A la hora de abordar la adaptación al cine de un videojuego como el de Shigeru Miyamoto es necesario decantarse entre dos enfoques bien diferenciados: tratar de trasladar su universo a la gran pantalla procurando dar coherencia a su atolondrada fantasía lúdica o rendirse a su delirio conceptual.
El primero de ellos fue, en cierto modo, el escogido por Annabel Jankel y Rocky Morton para dar forma al live action de Super Mario Bros de 1993. En un fútil intento de dar coherencia a la función, los cineastas nos presentaron una distopía cyberpunk en el que el fontanero encarnado por Bob Hoskins debía lidiar con lagartos humanoides mientras desafiaba a la gravedad calzando unas botas futuristas. Un escenario imposible en el que sus creadores creyeron poder hacer verosímil lo que siempre fue un maravilloso sinsentido esculpido en 8-bits.
Entendemos que dada la magnitud de un desastre al que solo la magia del tiempo ha logrado reconvertir en proyecto de culto, desde Illumination hayan optado por abrazar la naturaleza disparatada de una franquicia en la que tienen cabida desde tortugas escupidoras de fuego hasta gorilas prendados del rugido del motor de sus karts.
Super Mario Bros: La película es ante todo una carta de amor a los fans incondicionales del personaje, un intenso viaje metarreferencial que apunta a todas y cada una de las generaciones que alguna vez han hecho brincar a la mascota de Nintendo. Sus guiños, que a veces rozan el exceso, no sólo se ciñen a lo puramente visual, con todos esos diseños rescatados de las entregas más actuales y coloristas del héroe. También en lo sonoro, donde un simple puñado de notas logran trasladarnos con inusitada efectividad a una década irrepetible en la tónica era internarse en caserones fantasmagóricos y acudir al rescate de una princesa que siempre se encontraba en otro castillo.

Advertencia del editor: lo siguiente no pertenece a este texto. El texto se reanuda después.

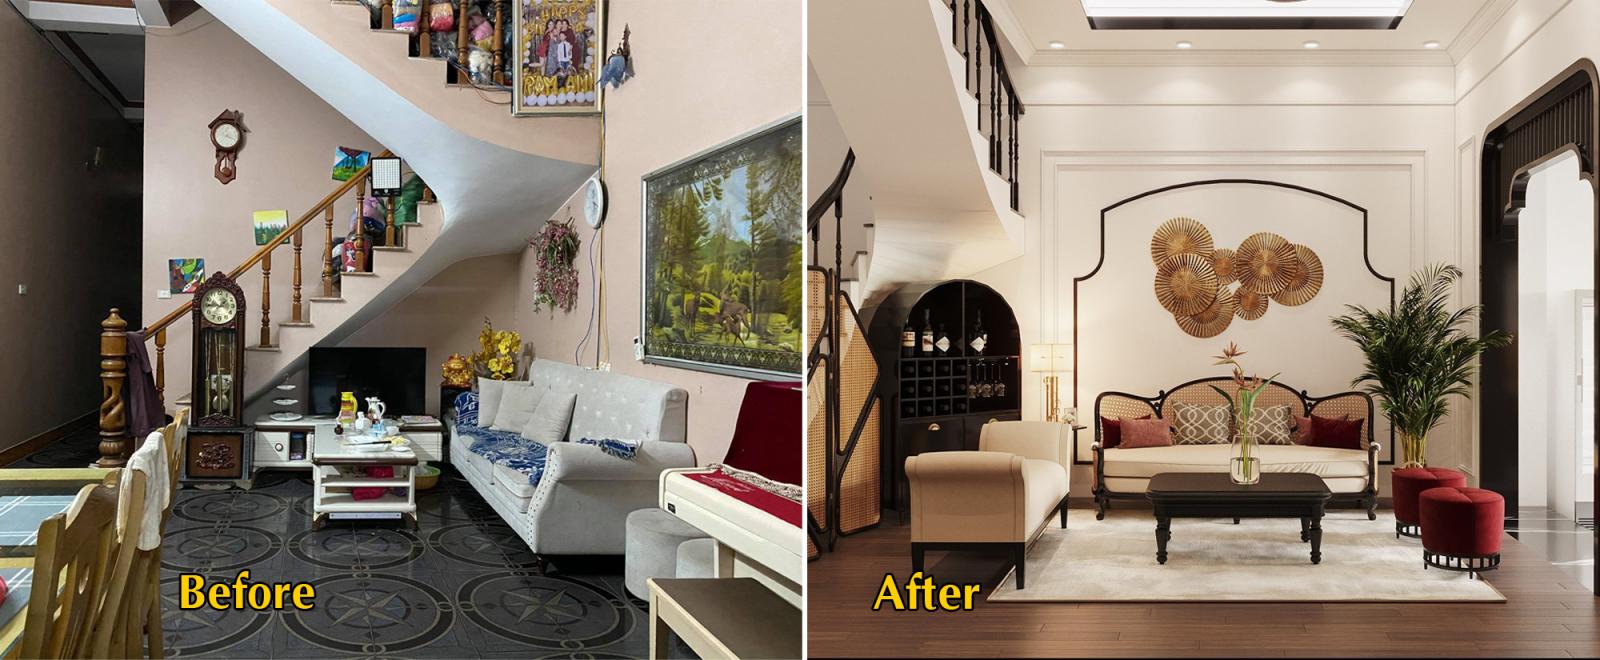 hình ảnh phòng khách nhà phố trước và sau khi được cải tạo

La cinta busca en cada una de sus secuencias la mirada cómplice de los conocedores de la franquicia, apuntando a sus obsesiones y sobre todo a sus propias experiencias. Como ejemplo, esa divertidísima escena en el circuito de obstáculos donde Mario descubre mil y una formas de morder el polvo en el Reino Champiñón y con la que es imposible no sentirse identificado.
Tal vez el coste de todo este evocador despliegue repercuta en un argumento sin doblez alguno o en el hecho de que el filme no atesore ideas realmente innovadoras en su género. Sin embargo, lo compensa con un ritmo demencial y un humor tan acusado como su sentido del espectáculo. Todo ello en apenas hora y media de metraje, una barrera a menudo quebrantada por el cine de animación pero digna de reivindicar.